La brisa otoñal refresca. La luna brilla. Las hojas caídas, amontonadas, se mueven. El cuervo, ya recogido, sale asustado de su nido. ¿Dónde estarás, mi amor? ¿Cuándo volveré a verte? ¡Ay! Esta noche me duele el corazón". El poema atrae a la mente aquel texto de Jacques Prevert, titulado
"Les feuilles mortes" que cantó, entre otros, Ives Montand, que tocó, entre otros, Miles Davis. Las aguas del lago se agitan, el viento arrastra las hojas secas, el corazón nunca está impasible. Para el melancólico, siempre es otoño, aun en verano. Para el melancólico la vida es un fulgor, un instante de lucidez, un intervalo de éxtasis que desborda el tiempo no vivido ni soñado, el tiempo huido o dejado de lado, abandonado y huérfano, el tiempo preso en manos ajenas.

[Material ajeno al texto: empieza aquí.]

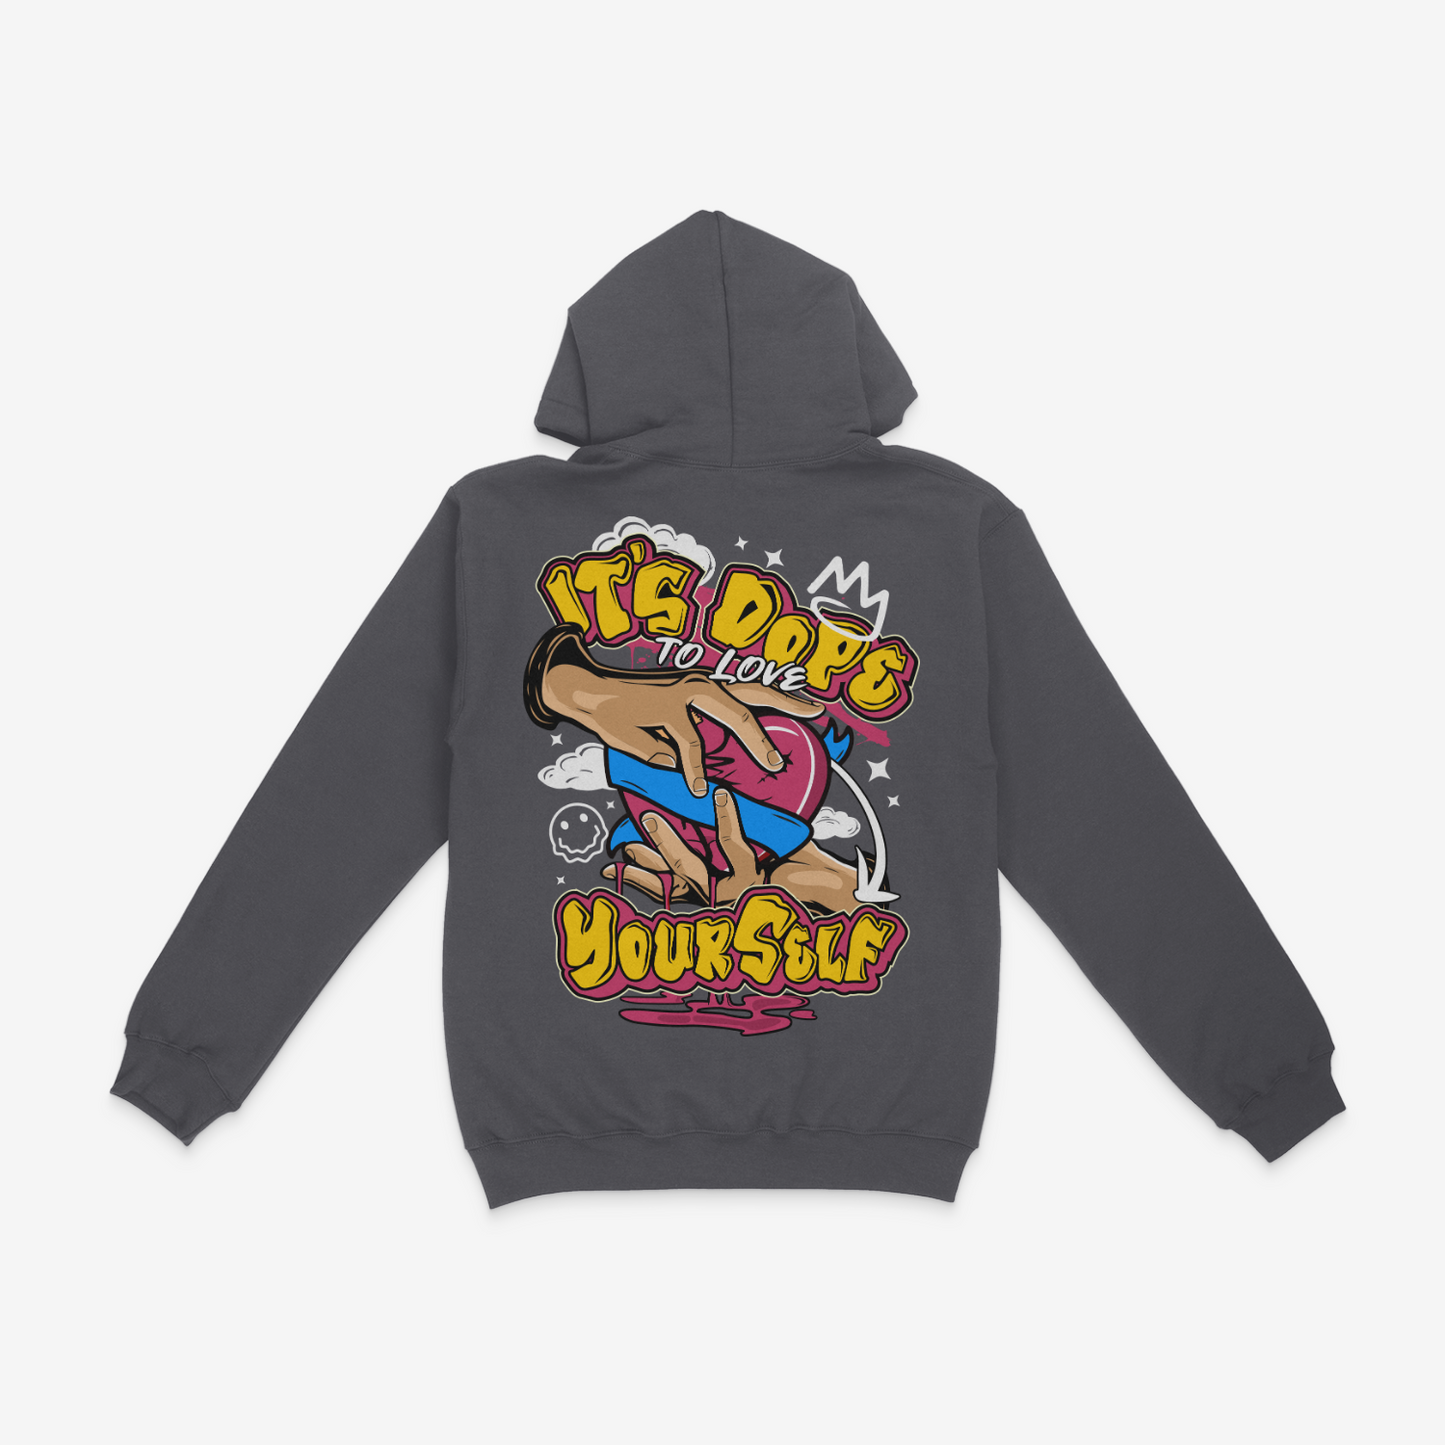 It's Dope To Love Yourself Graphic Unisex Hoodie

Sería aventurado afirmar que
Cesare Pavese se preparó durante toda la vida para la muerte, pero también lo sería afirmar que la muerte vino y lo cogió de sorpresa. Él tenía una idea de la misma, había imaginado sus pasos, adivinado su mirada; había ensayado su postura, repasado sus ademanes, su compostura, para cuando viniese en su busca.
“Vendrá la muerte y tendrá tus ojos”. La muerte siempre trae los ojos de quien la espera. A veces nos guiña un ojo; a veces, no, pero pocos veces sabemos extraer de dicho gesto la certeza. Dudamos y esperamos; esperamos mientras dudamos.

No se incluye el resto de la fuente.